The results were evaluated on arm64 Android devices running 5.10 kernel.

The table below shows resulting improvements of total scheduling latency
for the same app launch benchmark runs with 50 iterations. Scheduling
latency is the latency between when the task (workqueue kworker vs
kthread_worker) became eligible to run to when it actually started
running.
+-------------------------+-----------+----------------+---------+
| | workqueue | kthread_worker | diff |
+-------------------------+-----------+----------------+---------+
| Average (us) | 15253 | 2914 | -80.89% |
| Median (us) | 14001 | 2912 | -79.20% |
| Minimum (us) | 3117 | 1027 | -67.05% |
| Maximum (us) | 30170 | 3805 | -87.39% |
| Standard deviation (us) | 7166 | 359 | |
+-------------------------+-----------+----------------+---------+

Background: Boot times and cold app launch benchmarks are very
important to the Android ecosystem as they directly translate to
responsiveness from user point of view. While EROFS provides
a lot of important features like space savings, we saw some
performance penalty in cold app launch benchmarks in few scenarios.
Analysis showed that the significant variance was coming from the
scheduling cost while decompression cost was more or less the same.

Having per-cpu thread pool we can see from the above table that this
variation is reduced by ~80% on average. This problem was discussed
at LPC 2022. Link to LPC 2022 slides and talk at [1]
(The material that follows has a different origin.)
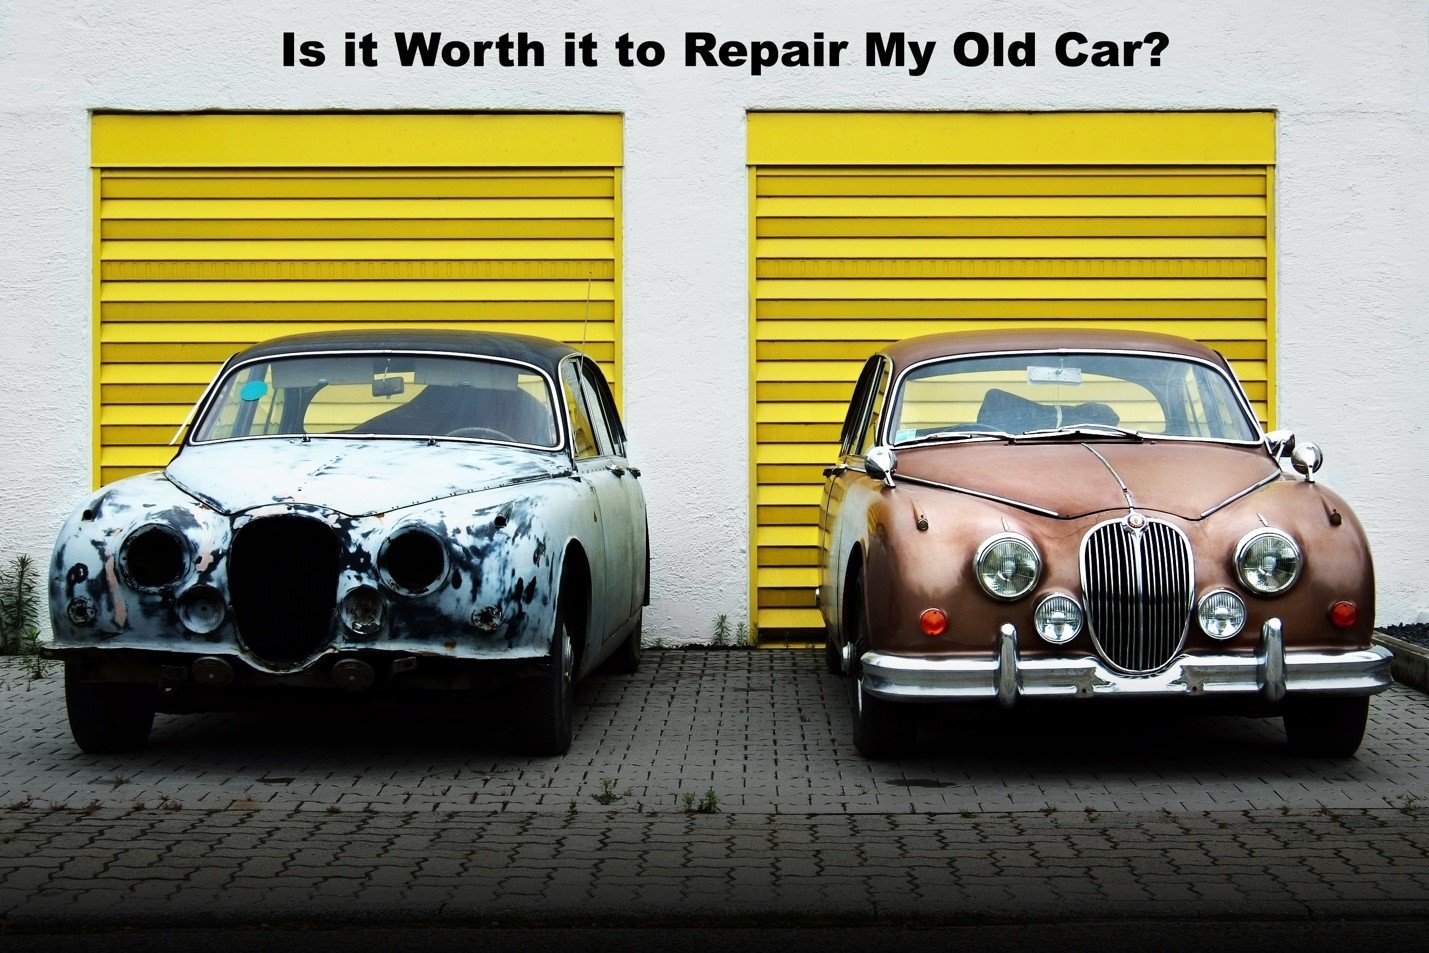 repair my old car
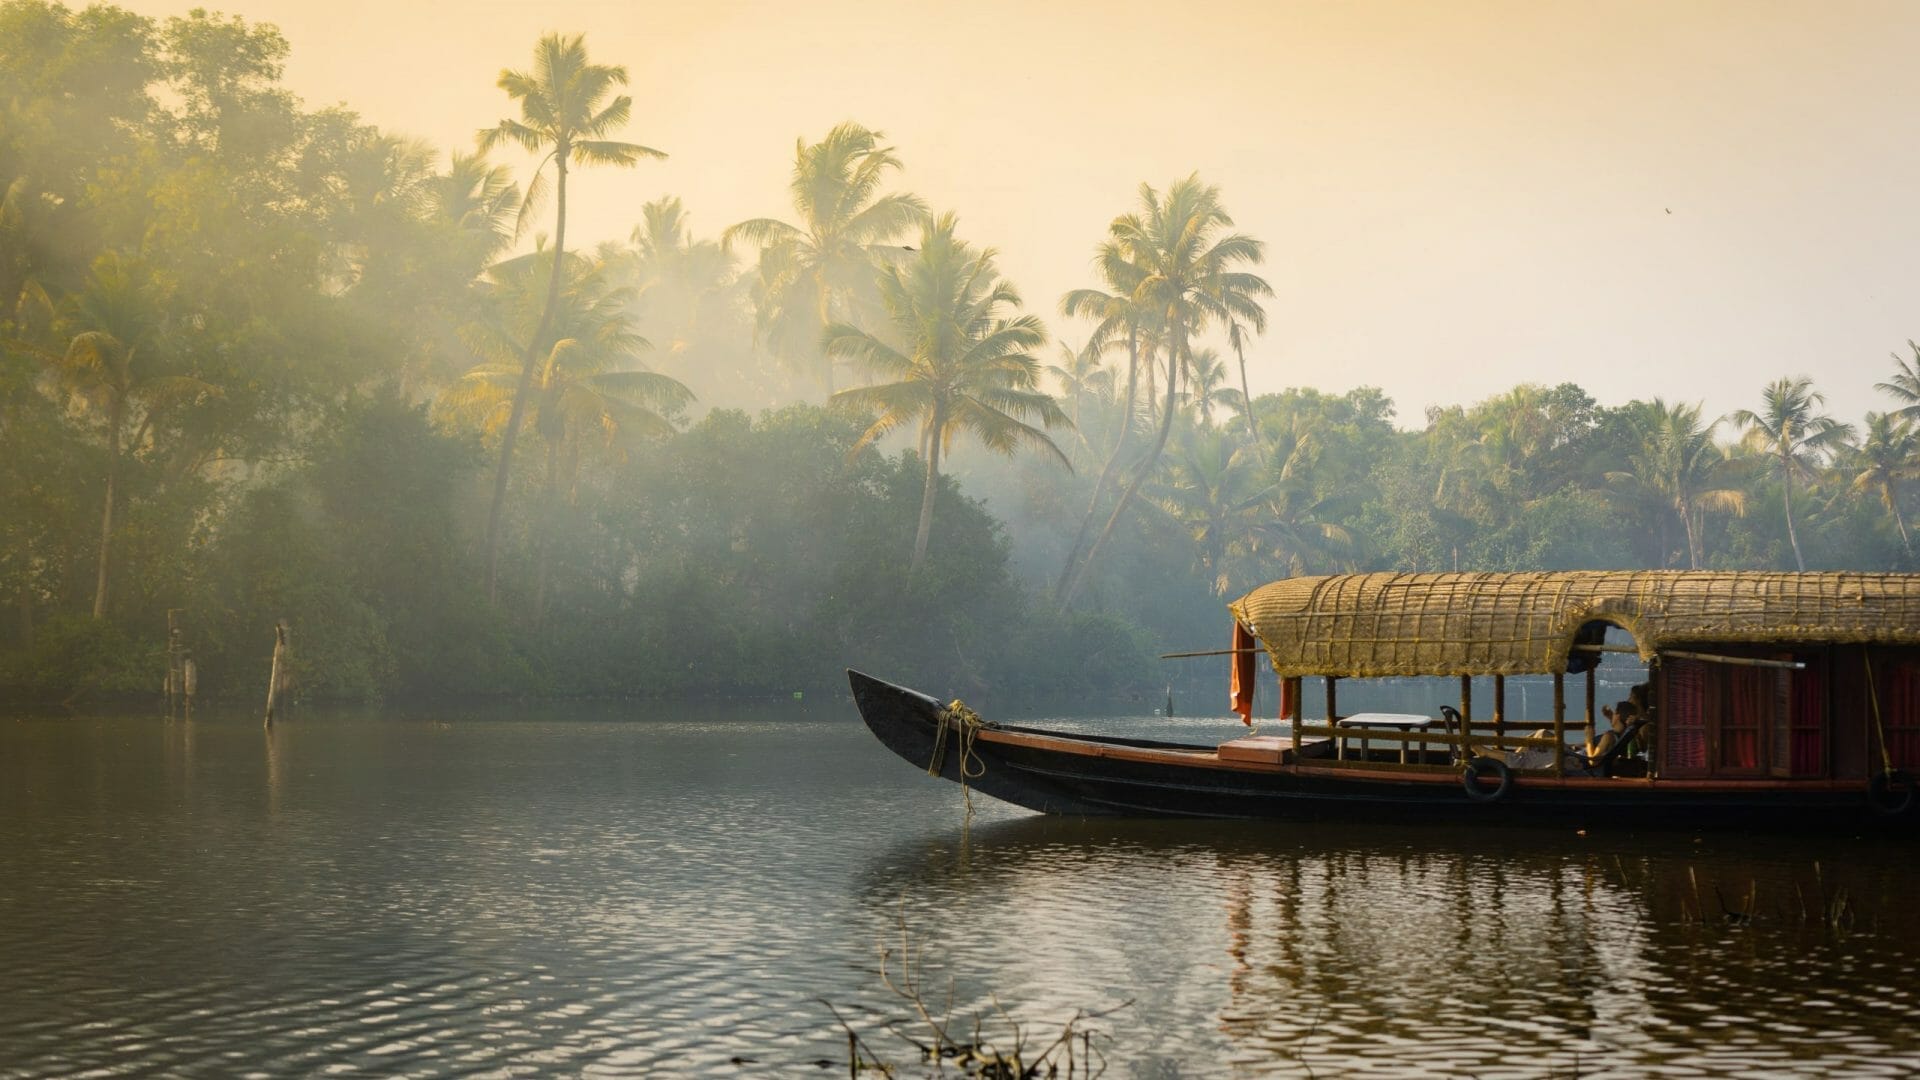 Backwater Kerala India

[1] https://lpc.events/event/16/contributions/1338/

Signed-off-by: Sandeep Dhavale <[email protected]>
[ Gao Xiang: At least, we have to add this until WQ_UNBOUND workqueue
issue [2] on many arm64 devices is resolved. ]
[2] https://lore.kernel.org/r/CAJkfWY490-m6wNubkxiTPsW59sfsQs37Wey279LmiRxKt7aQYg@mail.gmail.com
Signed-off-by: Gao Xiang <[email protected]>
---
v4: https://lore.kernel.org/r/[email protected]/

changes since v4:
- need to fall back to workqueue rather than a global kthread and
make this feature as an option for now.

fs/erofs/Kconfig | 18 +++++
fs/erofs/zdata.c | 190 ++++++++++++++++++++++++++++++++++++++++++-----
2 files changed, 188 insertions(+), 20 deletions(-)

diff --git a/fs/erofs/Kconfig b/fs/erofs/Kconfig
index 85490370e0ca..704fb59577e0 100644
--- a/fs/erofs/Kconfig
+++ b/fs/erofs/Kconfig
@@ -108,3 +108,21 @@ config EROFS_FS_ONDEMAND
read support.

If unsure, say N.
+
+config EROFS_FS_PCPU_KTHREAD
+ bool "EROFS per-cpu decompression kthread workers"
+ depends on EROFS_FS_ZIP
+ help
+ Saying Y here enables per-CPU kthread workers pool to carry out
+ async decompression for low latencies on some architectures.
+
+ If unsure, say N.
+
+config EROFS_FS_PCPU_KTHREAD_HIPRI
+ bool "EROFS high priority per-CPU kthread workers"
+ depends on EROFS_FS_ZIP && EROFS_FS_PCPU_KTHREAD
+ help
+ This permits EROFS to configure per-CPU kthread workers to run
+ at higher priority.
+
+ If unsure, say N.
diff --git a/fs/erofs/zdata.c b/fs/erofs/zdata.c
index 384f64292f73..8ea3f5fe985e 100644
--- a/fs/erofs/zdata.c
+++ b/fs/erofs/zdata.c
@@ -7,7 +7,7 @@
#include "compress.h"
#include <linux/prefetch.h>
#include <linux/psi.h>
-
+#include <linux/cpuhotplug.h>
#include <trace/events/erofs.h>

#define Z_EROFS_PCLUSTER_MAX_PAGES (Z_EROFS_PCLUSTER_MAX_SIZE / PAGE_SIZE)
@@ -109,6 +109,7 @@ struct z_erofs_decompressqueue {
union {
struct completion done;
struct work_struct work;
+ struct kthread_work kthread_work;
} u;
bool eio, sync;
};
@@ -341,24 +342,128 @@ static void z_erofs_free_pcluster(struct z_erofs_pcluster *pcl)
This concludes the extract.